-- Information provided follows --

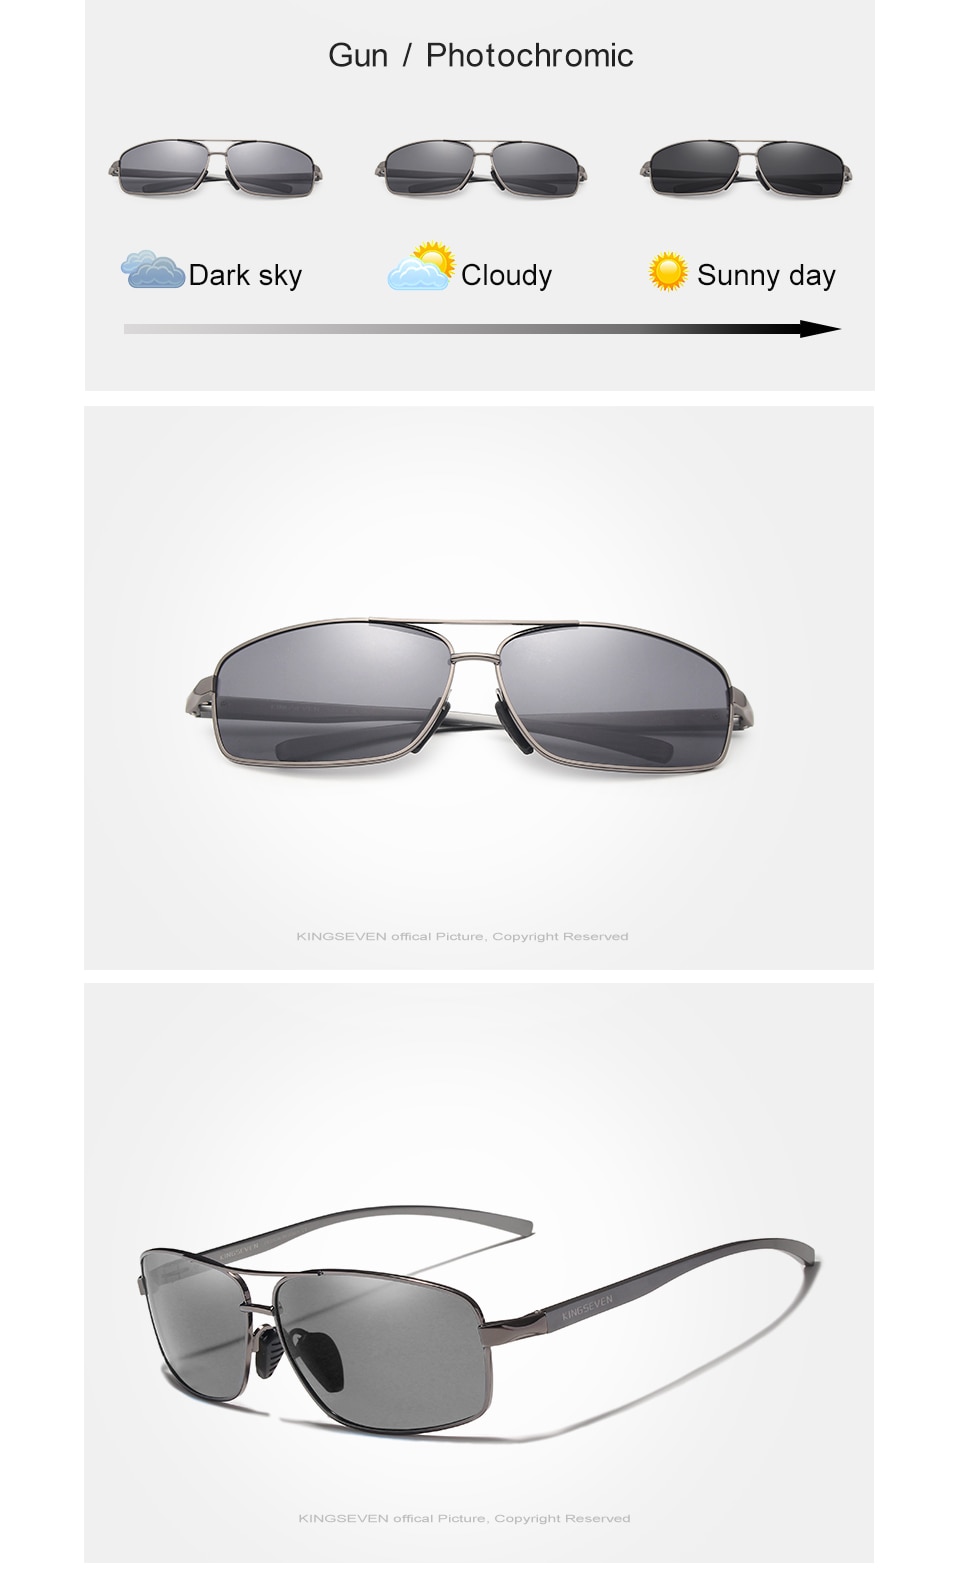 KINGSEVEN New Photochromic Sunglasses Men Polarized Chameleon Glasses Male Sun Glasses Day Night Vision Driving Eyewear N7088
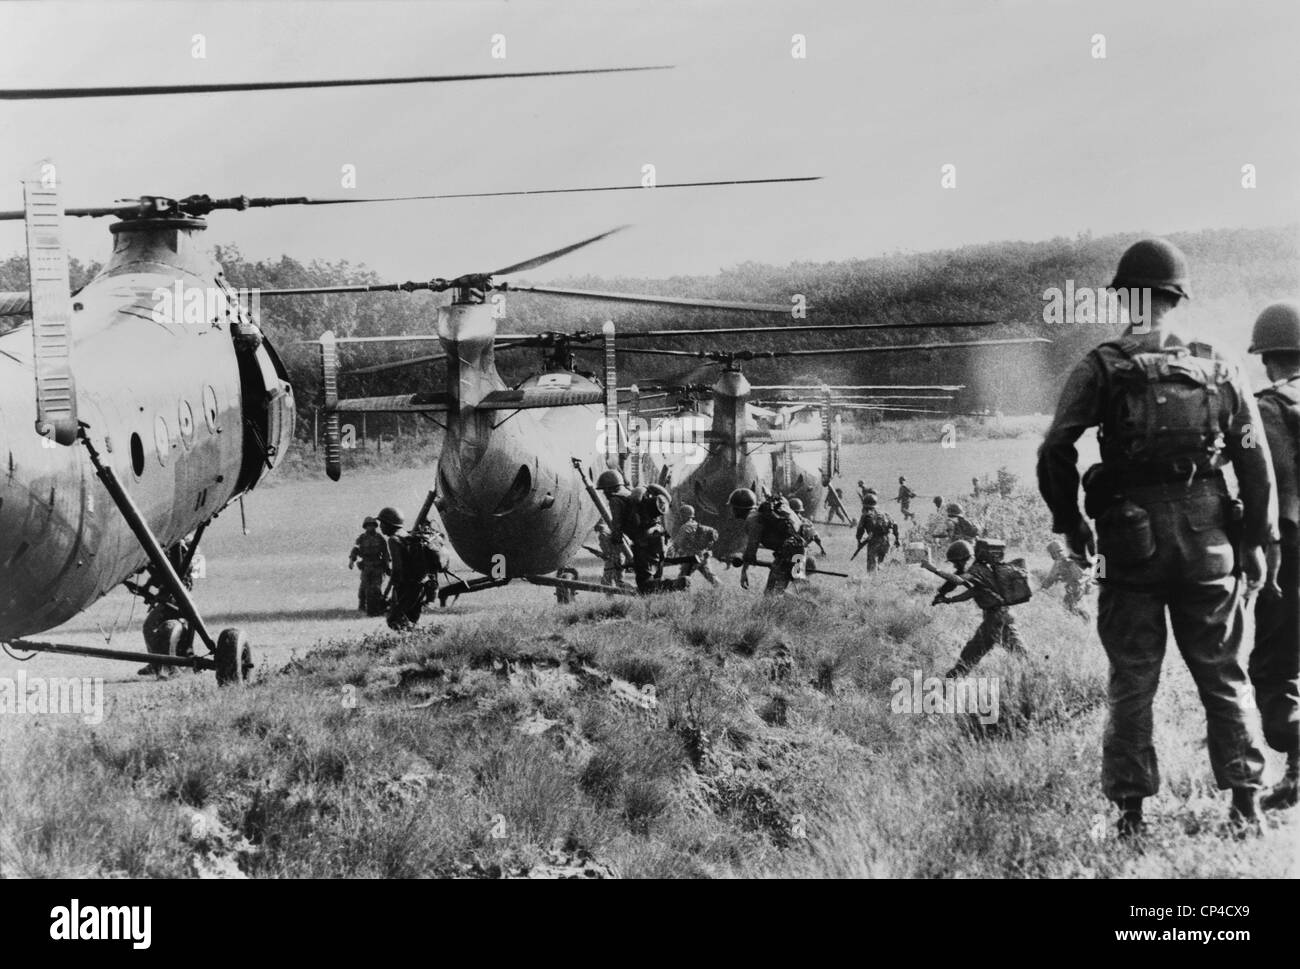 Guerra del Vietnam. Sud soldati vietnamiti correre a bordo di elicotteri per un airborne anti-operazione di guerriglia nella giungla vicino a Saigon, Foto Stock
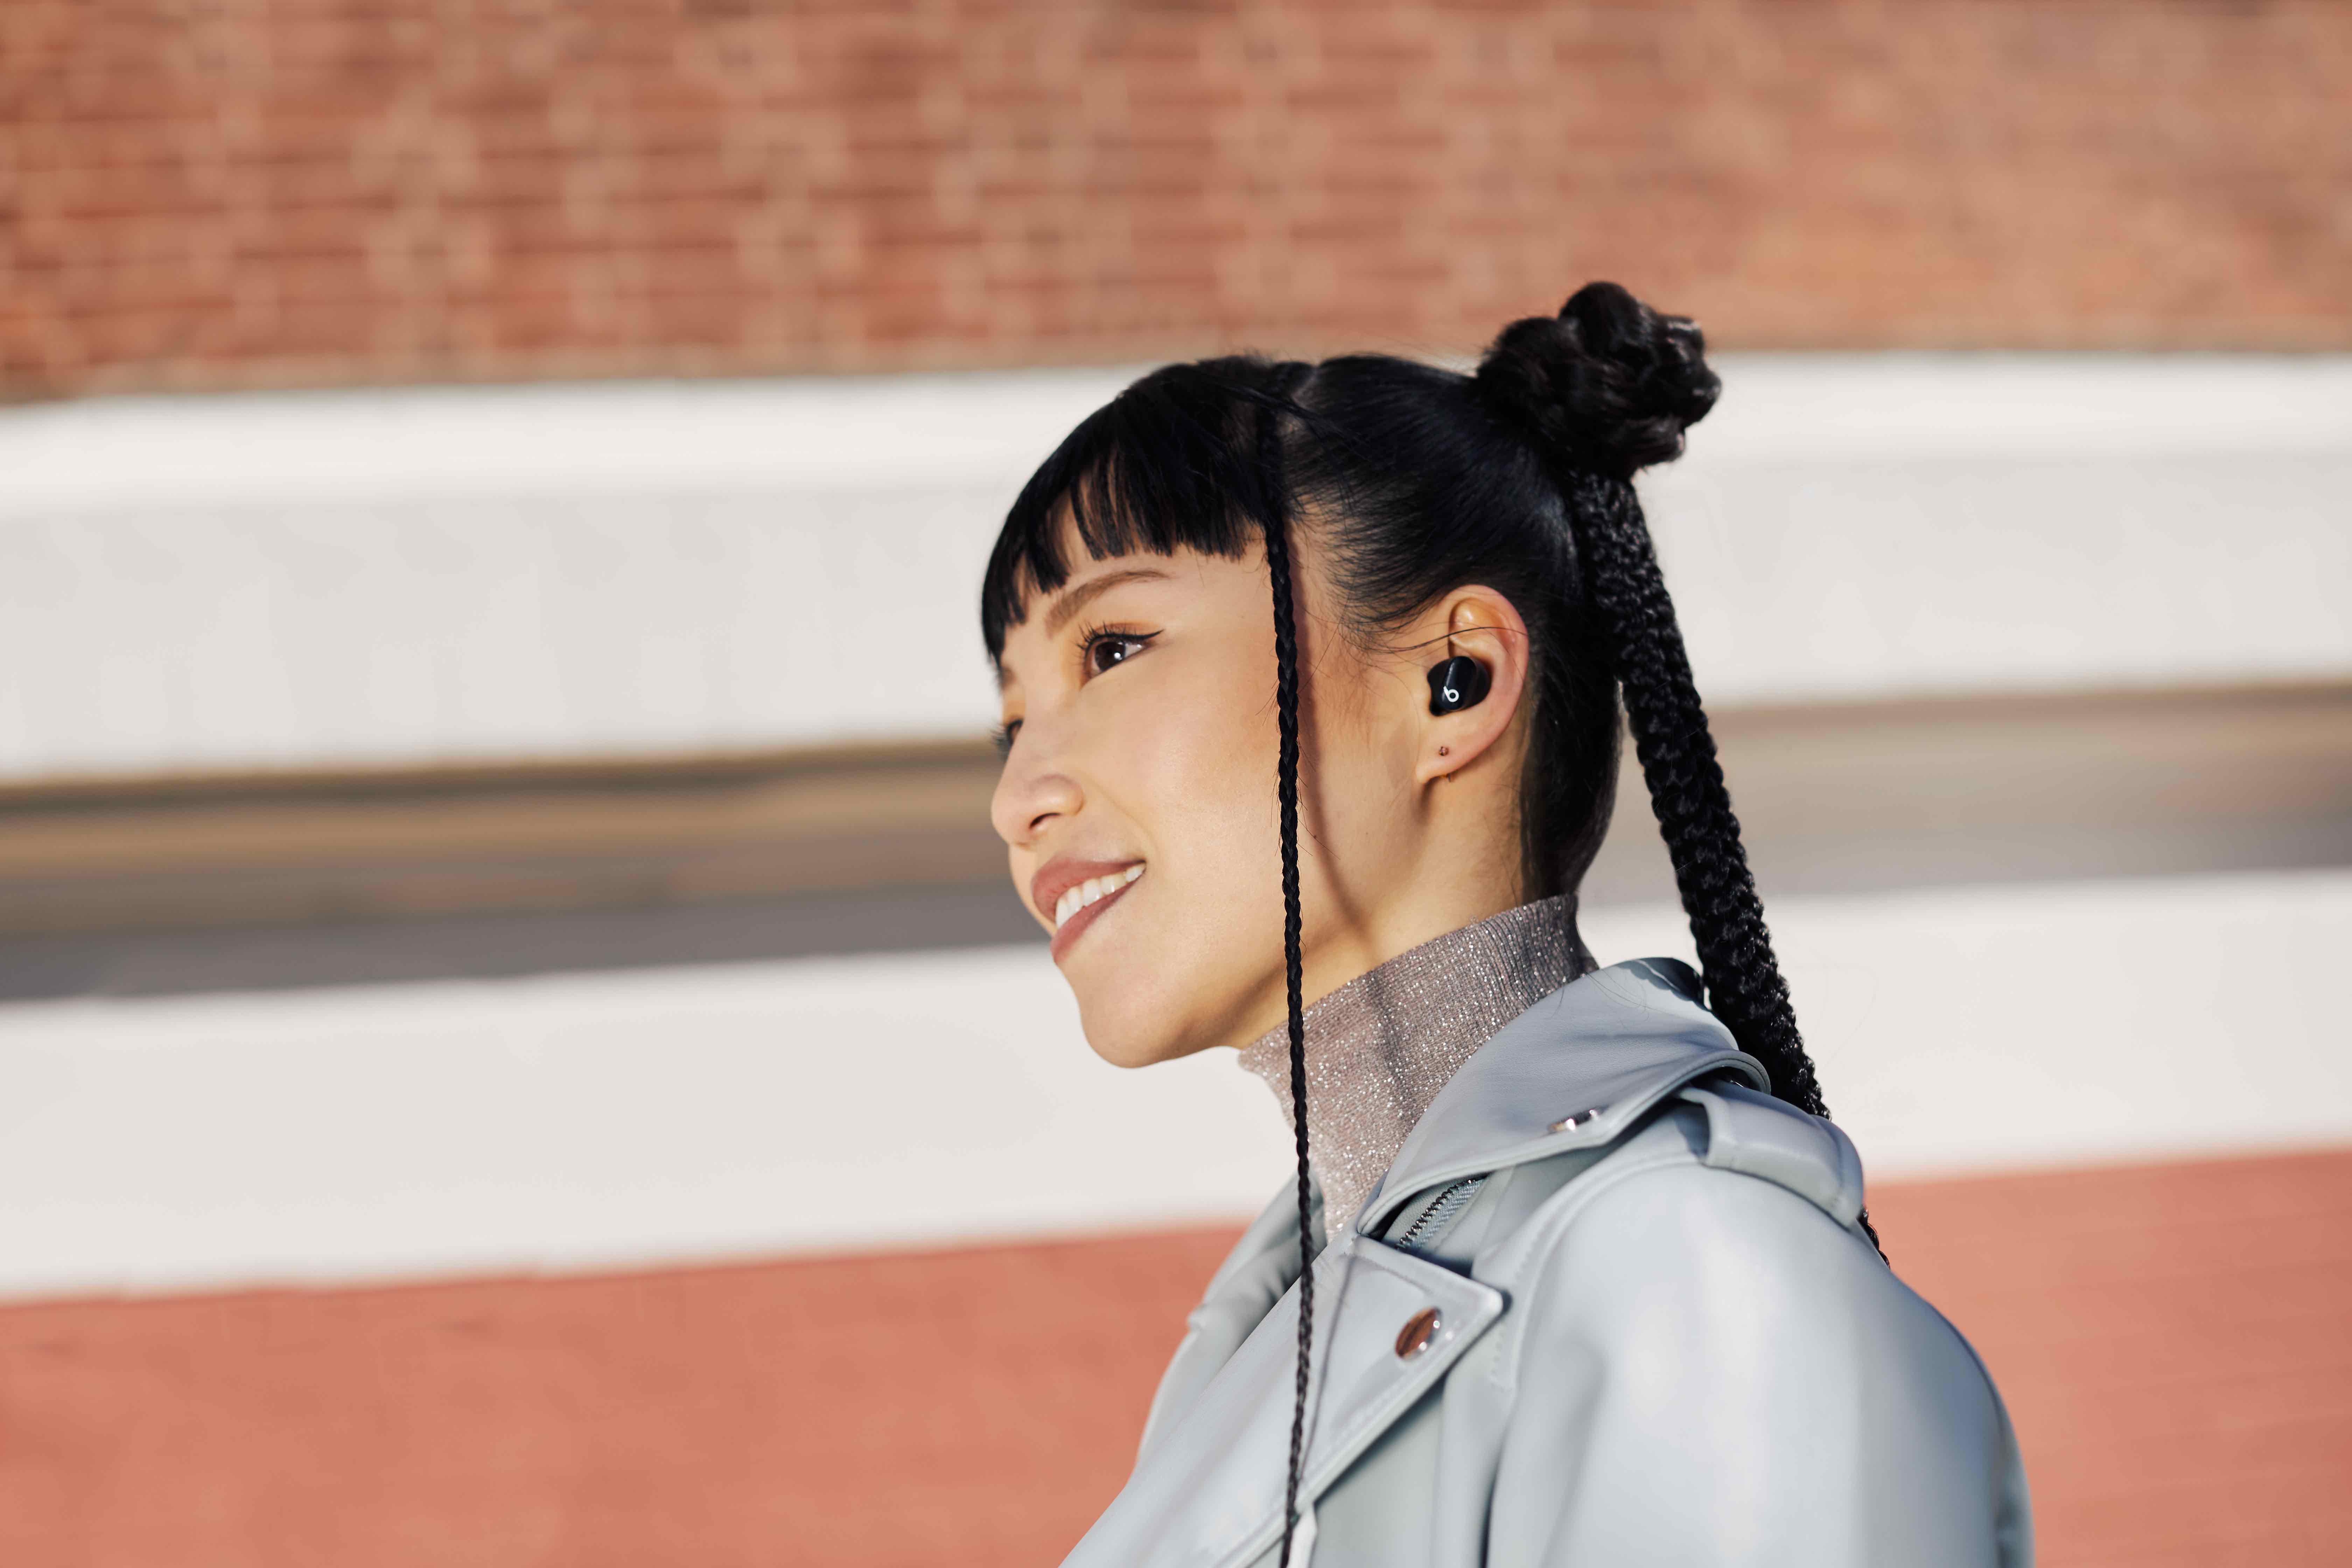 BEATS Studio Buds Kopfhörer True Wireless, Bluetooth Black In-ear

-- Information provided concluded --

> [Task details]
Return the material exactly as written, except for any pictures it holds.

> [Exercise response]
 KINGSEVEN New Photochromic Sunglasses Men Polarized Chameleon Glasses Male Sun Glasses Day Night Vision Driving Eyewear N7088
 Guerra del Vietnam. Sud soldati vietnamiti correre a bordo di elicotteri per un airborne anti-operazione di guerriglia nella giungla vicino a Saigon, Foto Stock
 BEATS Studio Buds Kopfhörer True Wireless, Bluetooth Black In-ear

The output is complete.